BRIEF >> Please go line by line and repeat the data below exactly, with no images.

EXERCISE DATA >>
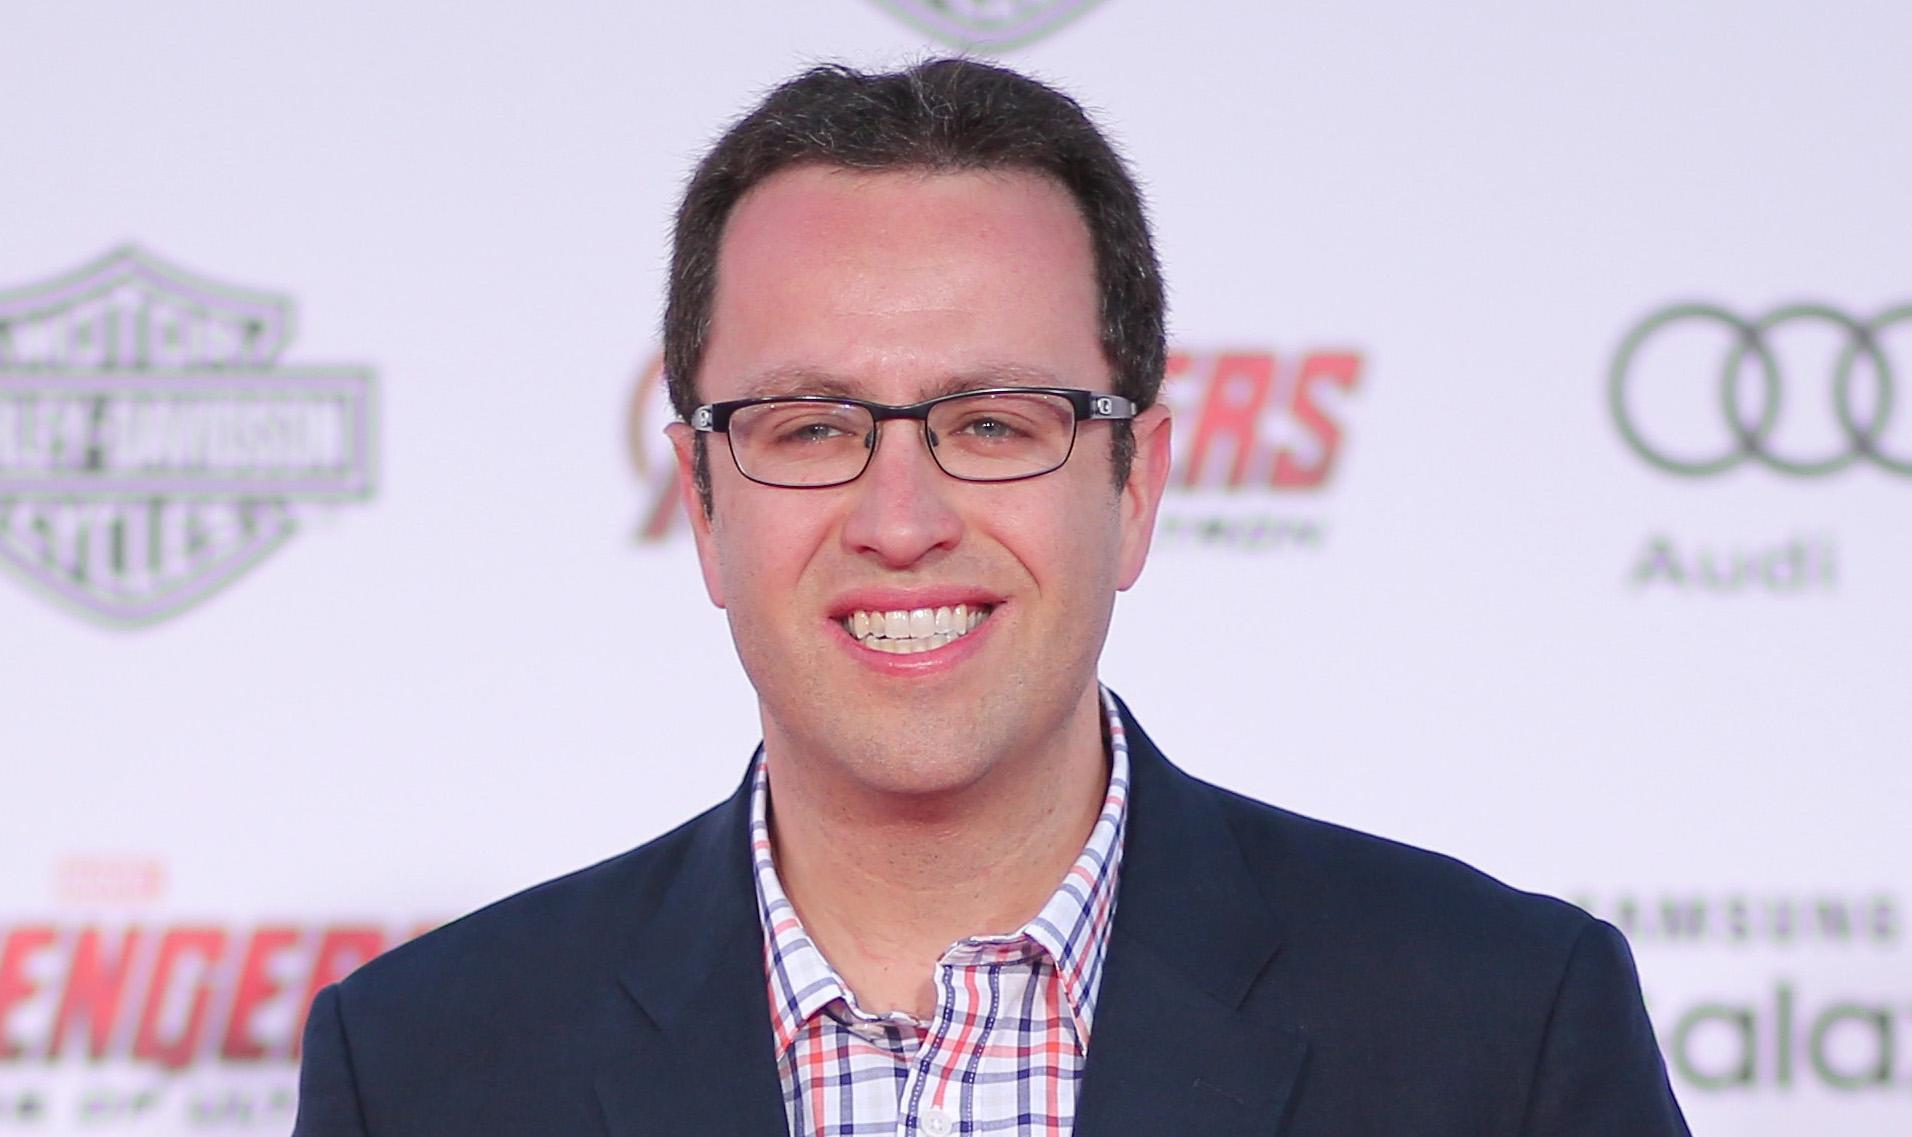 Subway Suspends Relationship With Jared Fogle Amid Child Pornography Scandal   Jared Fogle : Just Jared
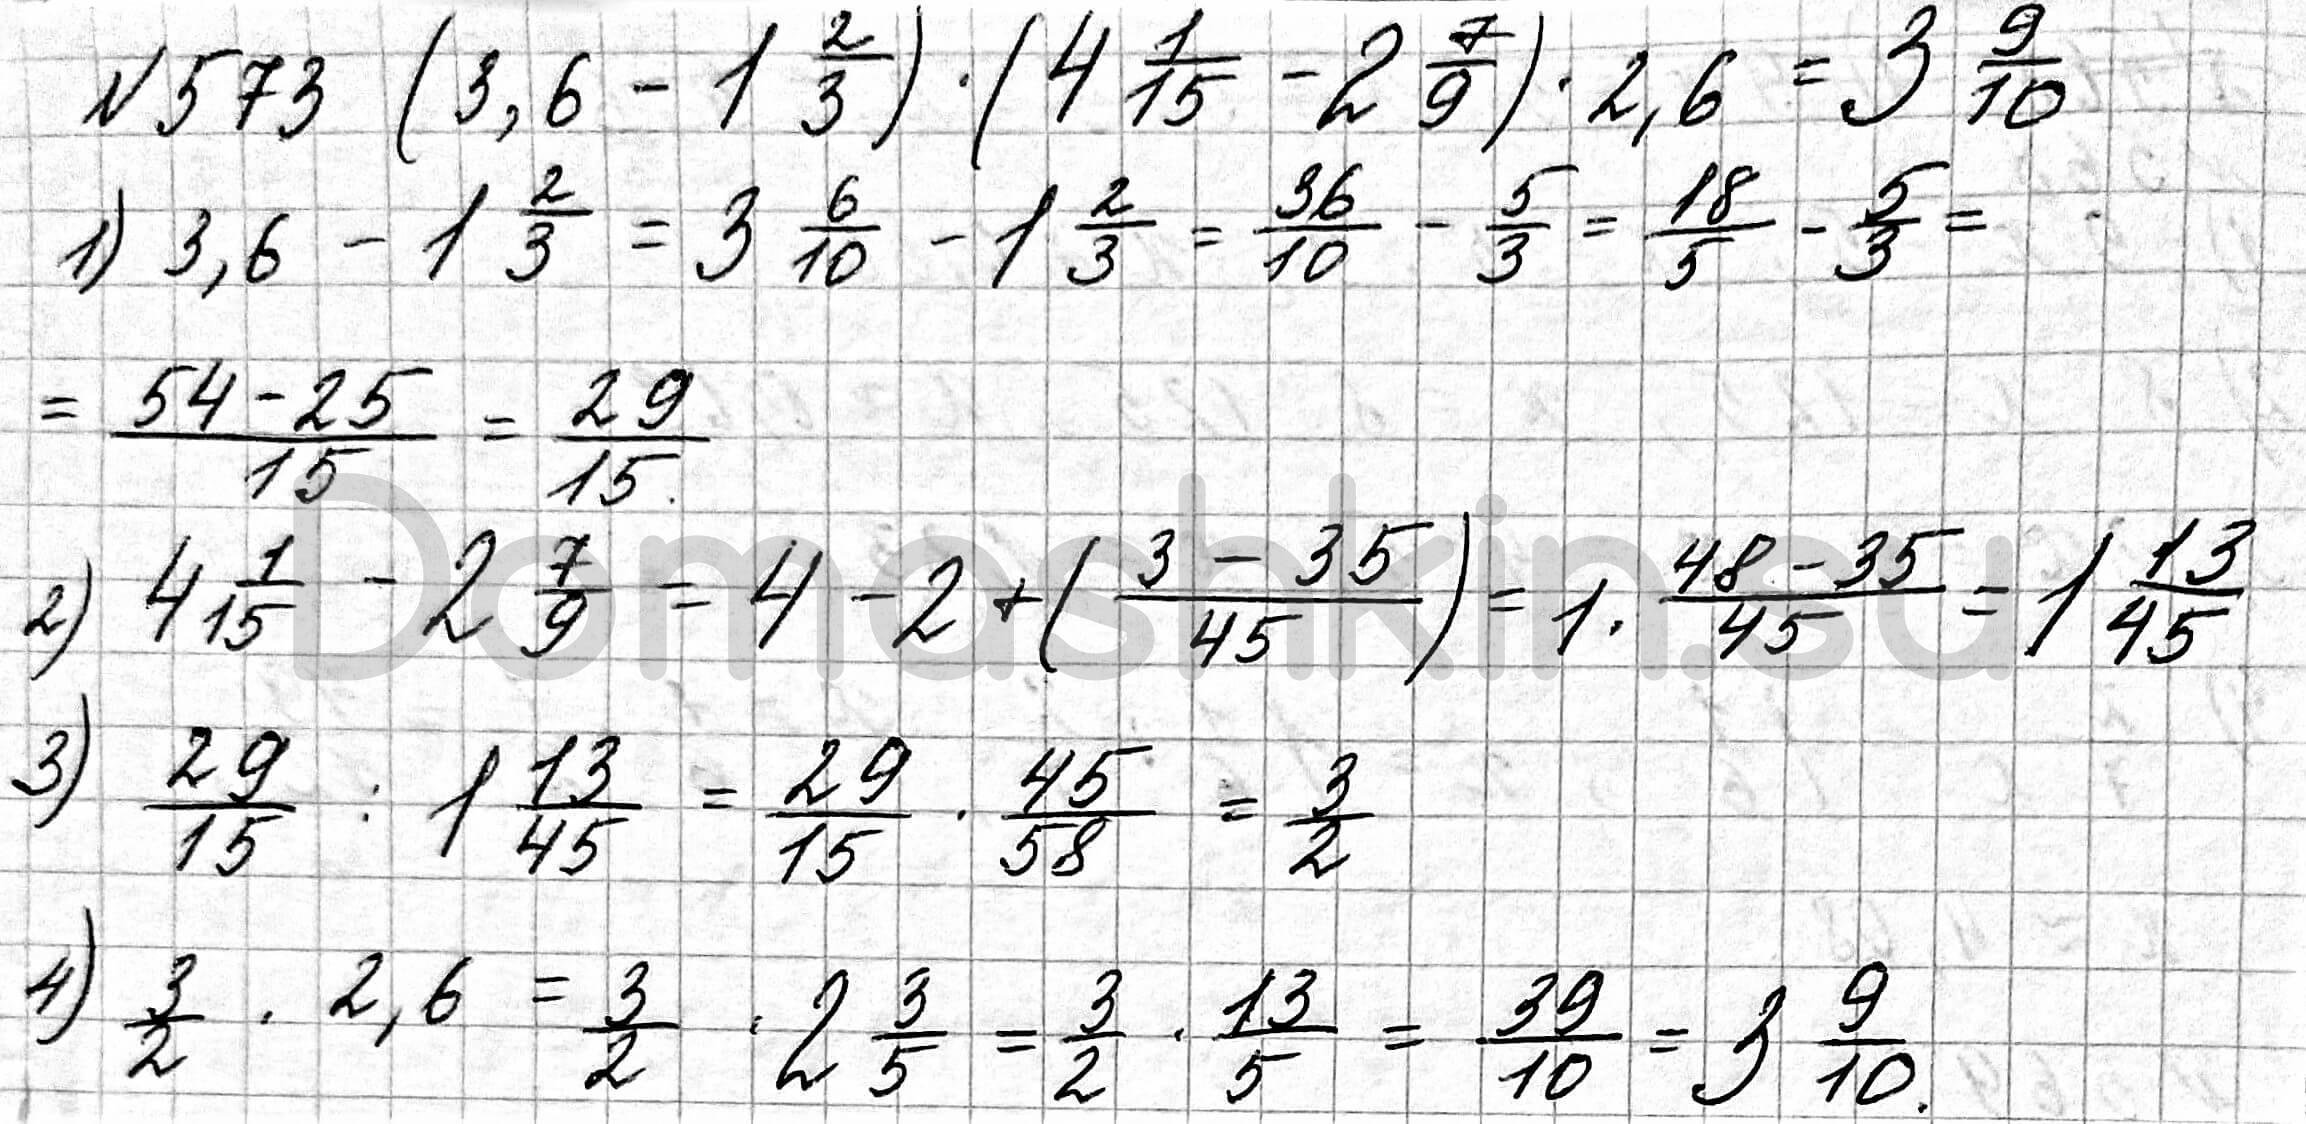 Математика 6 класс учебник Мерзляк номер 573 решение
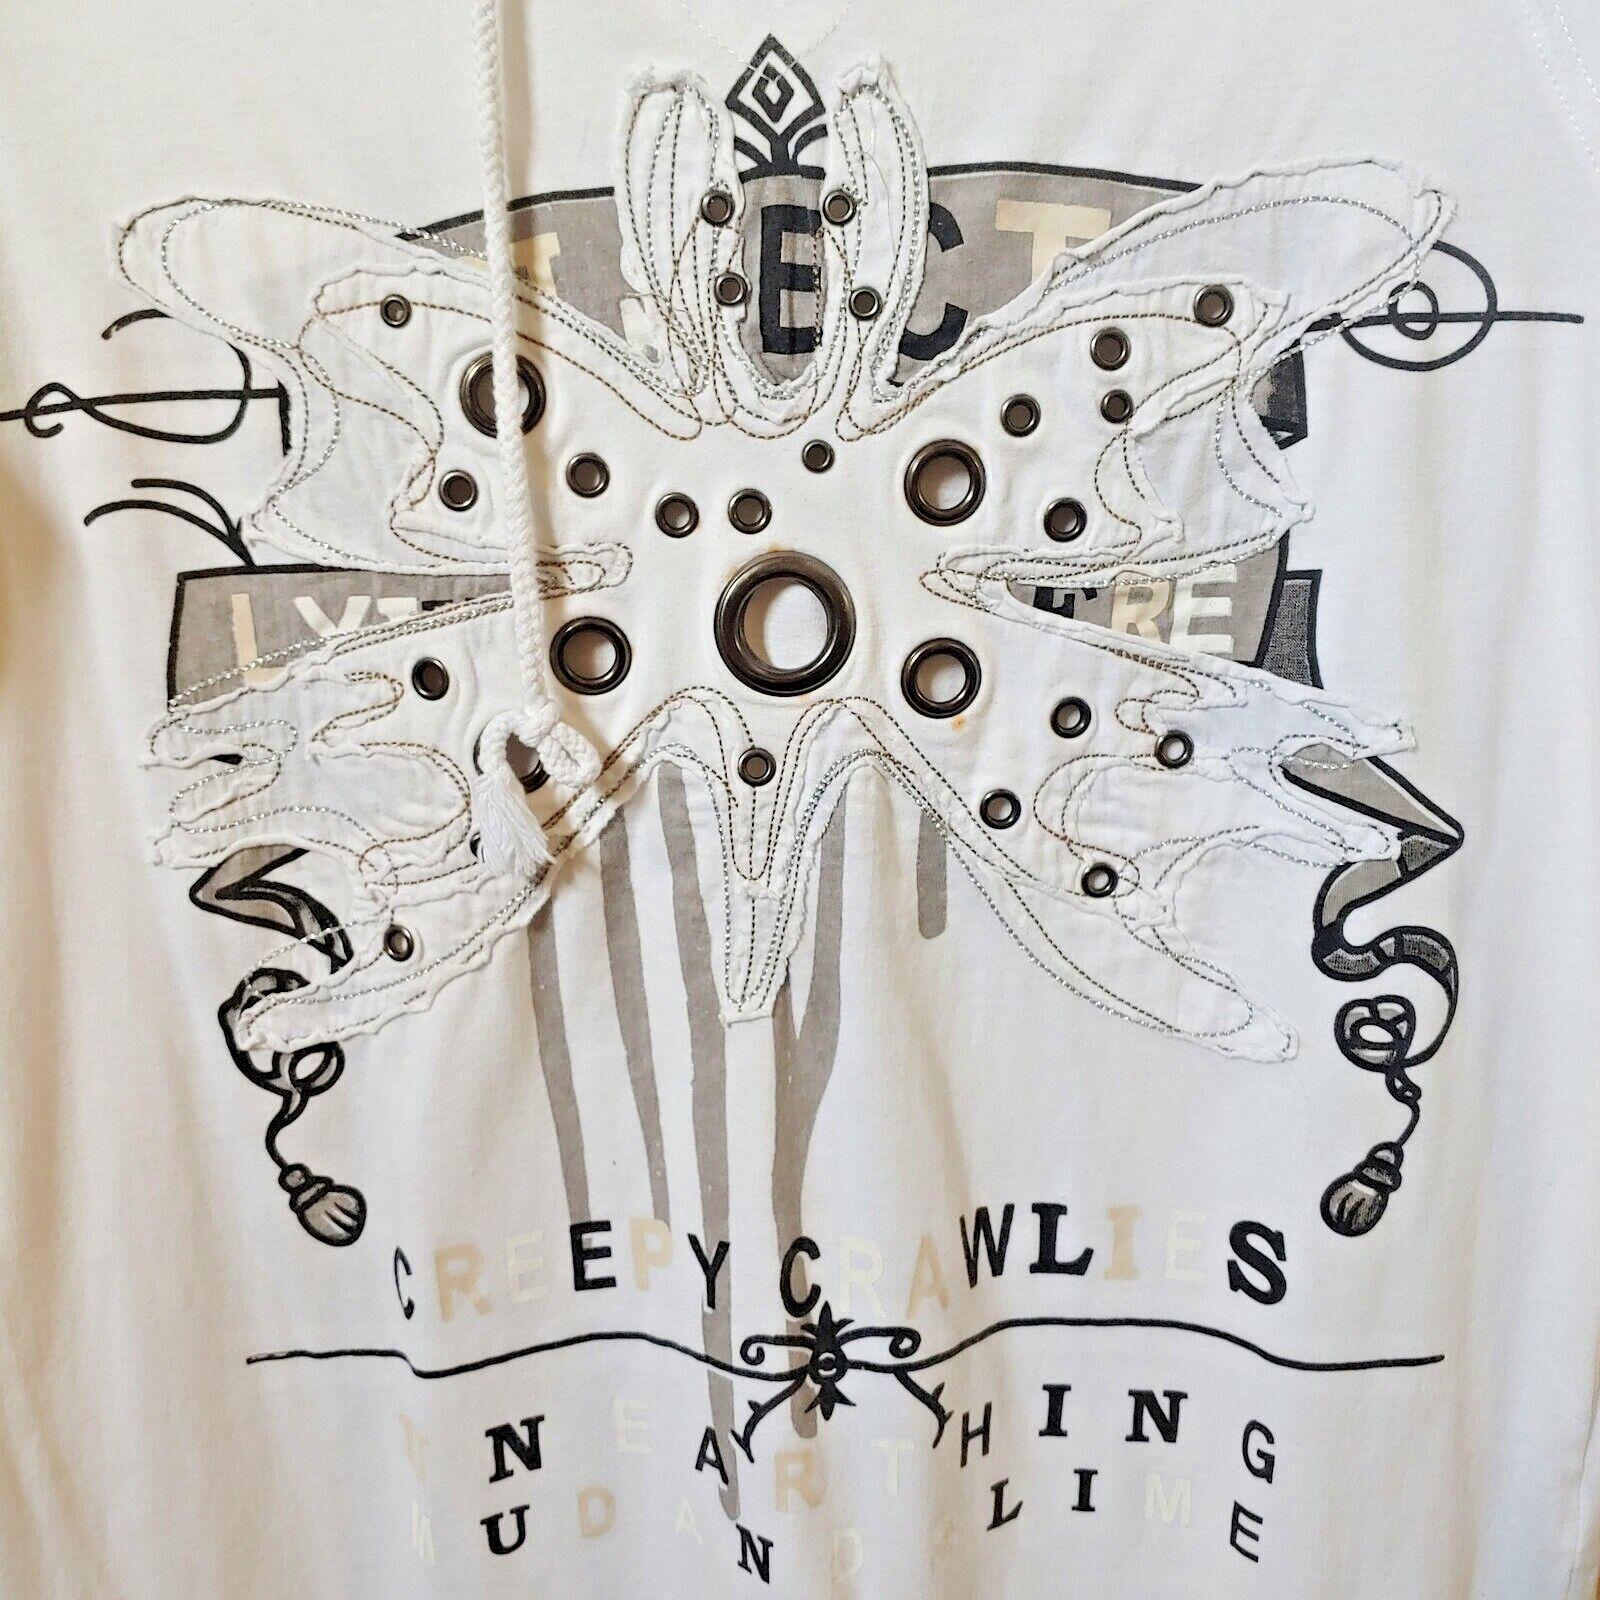 Energie | Mens Casual Short sleeve shirt - image 2

TASK RESULT >>
 Subway Suspends Relationship With Jared Fogle Amid Child Pornography Scandal   Jared Fogle : Just Jared
 Математика 6 класс учебник Мерзляк номер 573 решение
 Energie | Mens Casual Short sleeve shirt - image 2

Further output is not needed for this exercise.